The point to both of her works in this show is that "Some see them as traps, others as prisons --- obviously the beautiful and expensive surroundings do not protect the occupants or make them people to be envied. Illness changes our perception of people. We have difficulty seeing anything but the sickness. It fills us with fear for ourselves. These images elevate the disease. Beautify it in a way....". (Artwork Identification, page 2.). Franscesca is an artist who challenges your perception of how we view the sick. It is quite common that most people tend to avoid or distance themselves from those with sickness, whether or not contagious, and she makes a valid statement that it is not always unavoidable, regardless of one's social status, or position in life.

"Francesca received a master's degree in fine arts in 2005. Thirty-two of her collages were collected and published by Nazraeli Press in a 2005 book called "Gamma Knife", which is the name of a neurosurgery.

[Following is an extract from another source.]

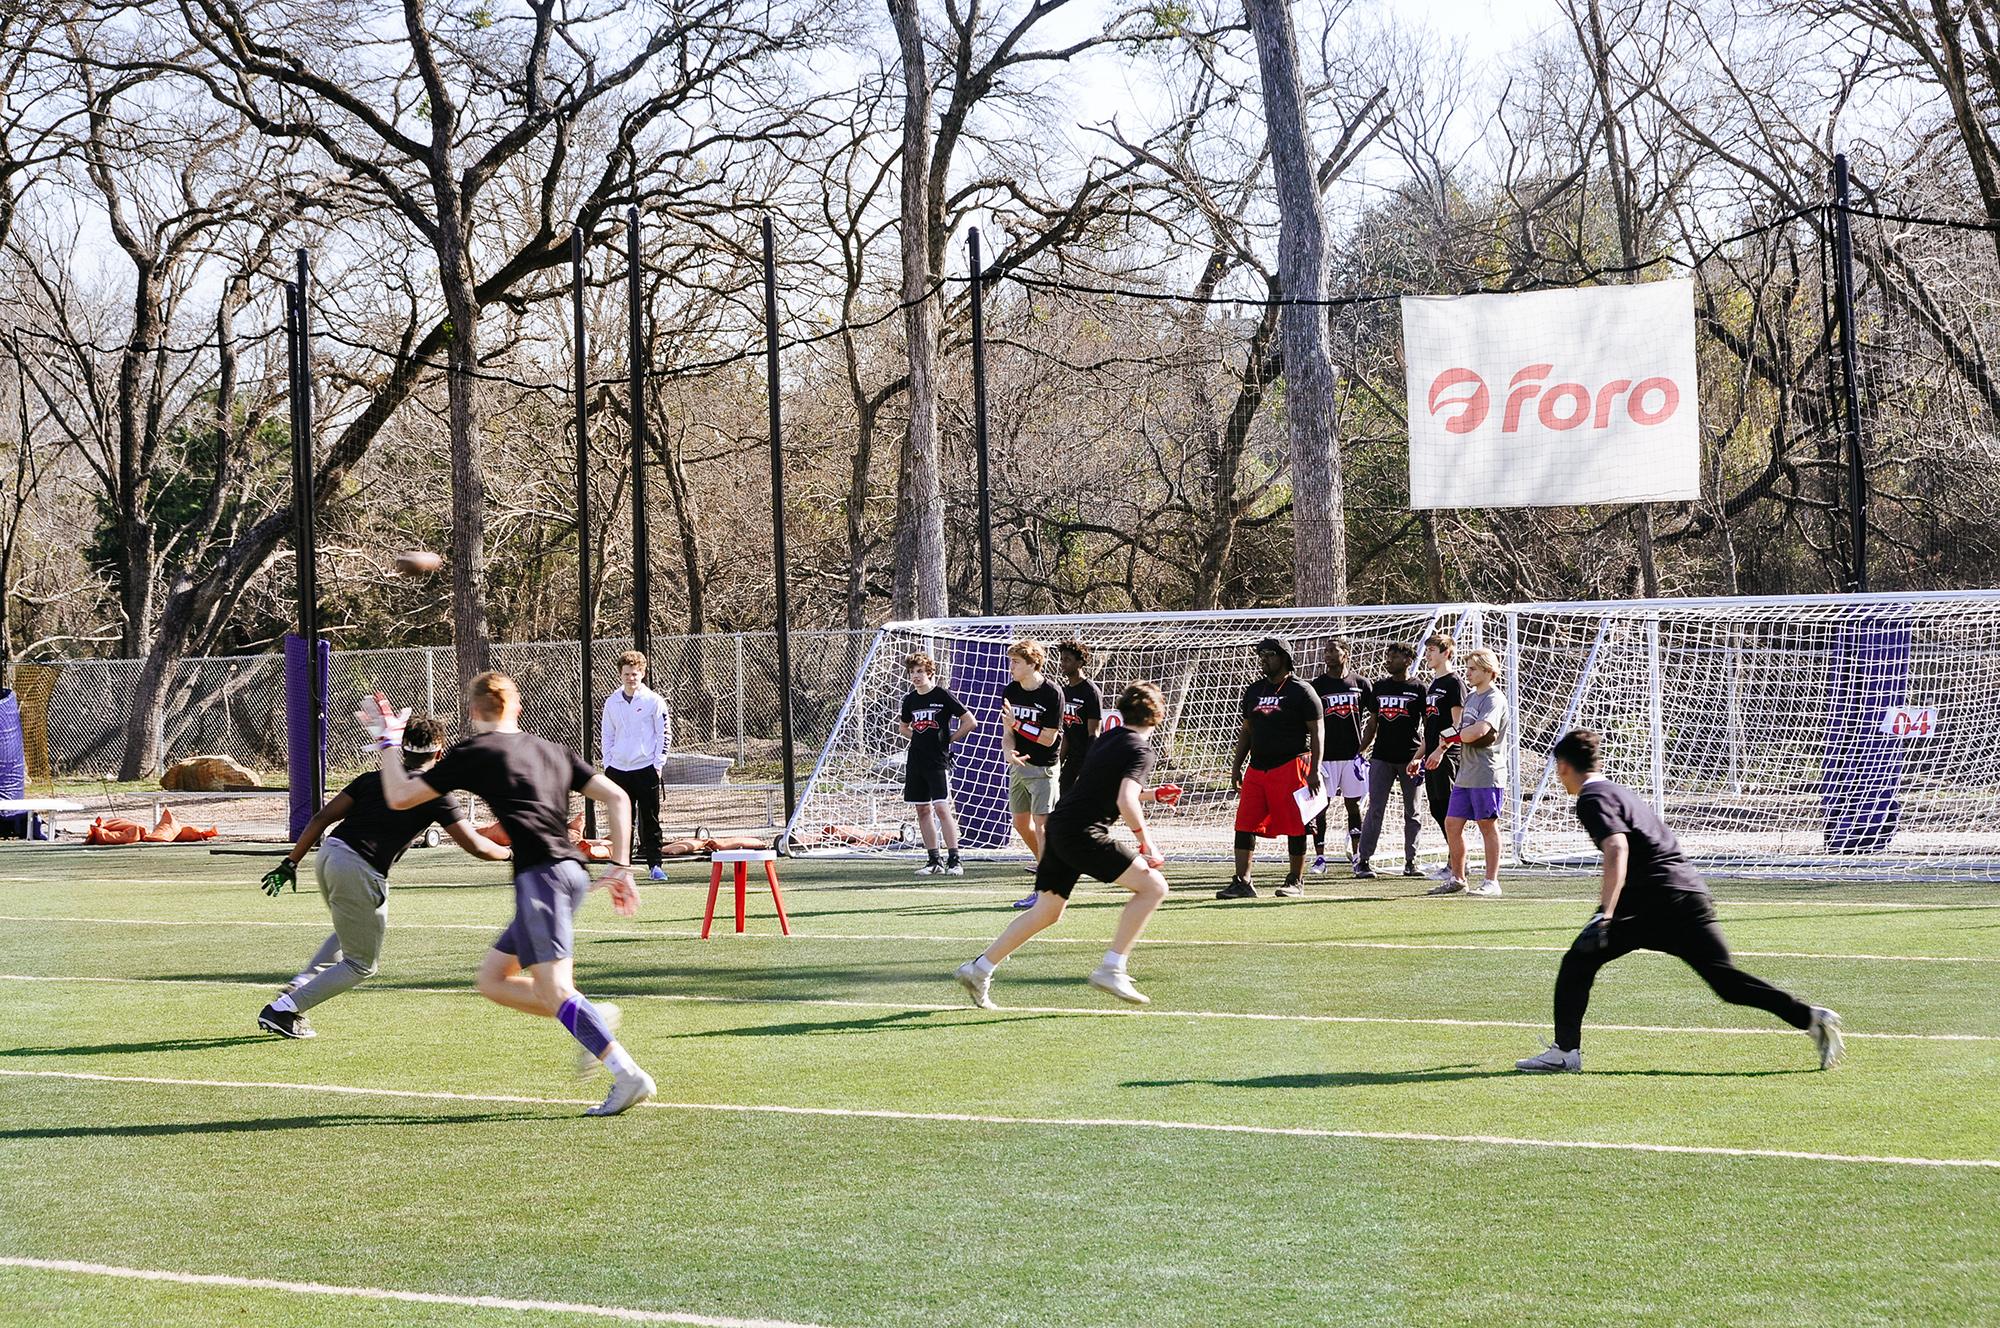 Photo courtesy of FORO Sports Club.

Her work was exhibited reecently at the University of Maryland, the 1708 Gallery in Richmond, the Maryland Federation of Art's Circle Gallery in Annapolis and the Courthouse Galleries in Portsmouth, Va.[.] Her prints are in the collection of the Museum of Fine Arts, Houston, and she has works in the Corcoran Gallery of Art and the Getty Museum in Los Angeles. She served on the accessions committee of the Baltimore Museum of Art for several years." (Artwork Identification, page 2.).